2. The Kerala Sales Tax Appellate Tribunal opined that the notification "contemplates exemption only on the turnover of goods taxable at the point of last purchase in the State and used by such units in the manufacture of goods within the State. It is an undisputed fact that the copper scrape is not goods taxable at the point of last purchase in the State. ..... What has been given exemption in SRO 499/9 is the turnover of goods taxable at the point to last purchase in the State. The goods taxable at the point of last purchase are specifically enumerated in the last schedule of the Kerala General Sales Tax Act, such as Pepper, Dry Ginger, Arecanut, Rubber, etc. The turnover under Section 5A is not mentioned in this notification. It is a well settled law that the primary object of a Sales Tax statute is to fetch the tax and giving exemption is only a concession of the Government, and so, the exemption notification has to be strictly interpreted."

3. The High Court of Kerala, in the judgment and order under appeal, has taken no notice of the words of the notification that make it applicable to the turnover of goods taxable at the point of last purchase in the State.

4. The respondent-assessee purchased copper scrape for use in the manufacture of copper sulphate. It is in admitted position that copper scrape is not taxable at the point of last purchase in the State. On the plain words of the notification, the exemption given thereby is, therefore, not available to copper scrap and, therefore, to the particular copper scrape purchased by the assessee.

5. The argument of learned counsel for the assessee is that the assessee had purchased the particular copper scrape from unregistered dealers so that, insofar as the particular copper scrape was concerned, it became taxable at the point of last purchase in the State and, therefore, the particular copper scrape was entitled to the exemption given by the notification. The arguemnt is misplaced. The notification applies to goods of the description that are taxable at the point of last purchase in the State under the Act. The particular copper scrape is not goods of a description which are taxable under the Act at the point of last purchase in the State. The particular copper scrape is, therefore, not entitled to the benefit of the exemption under the notification. The question is not whether the particular copper scrape with the respondent purchased became, by reason of circumstances, taxable at the point of last purchase in the State but whether copper scrape as a description of goods is taxable under the Act at the point of last purchase in the State. Since it is not, the benefit of the notification does not extend to the particular copper scrap purchased by the respondent.

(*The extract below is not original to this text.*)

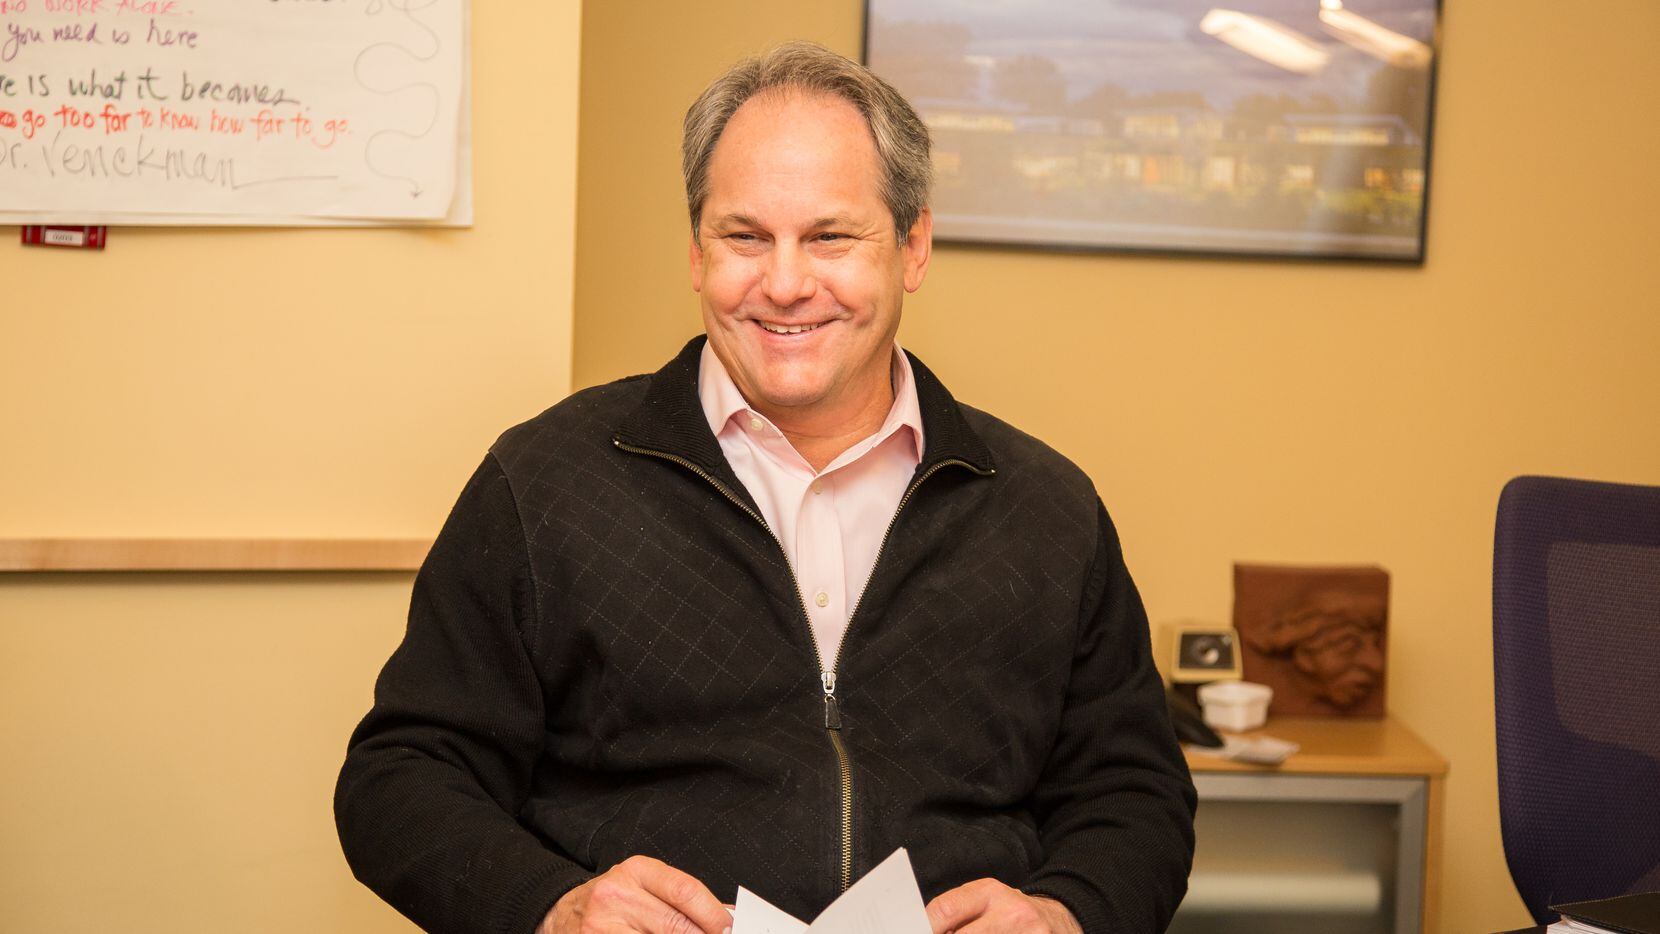 Jay Brotman is managing partner at Svigals + Partners and a Thomas Jefferson graduate who...

6. Learned counsel for the assessee sought to rely upon the objects of the notification in and of the interpretation that he sought to place upon it. The language of the notification being crystal clear, no external aid to its construction is required.

7. The appeals are allowed. The judgment and order under appeal is set aside. The order of the Tribunal is restored. The respondent-assessee shall pay to the appellant the costs of the appeals.

C.A. No. 5665 of 1998 and C.A. No. 5676 of 1998

8. The orders of the High Court of Kerala that are impugned in these appeals follow the judgment and order of that High Court in the case of Vattukalam Chemical Industries, which judgment and order we have just set aside. Accordingly, these appeals are allowed and the orders under challenge are set aside.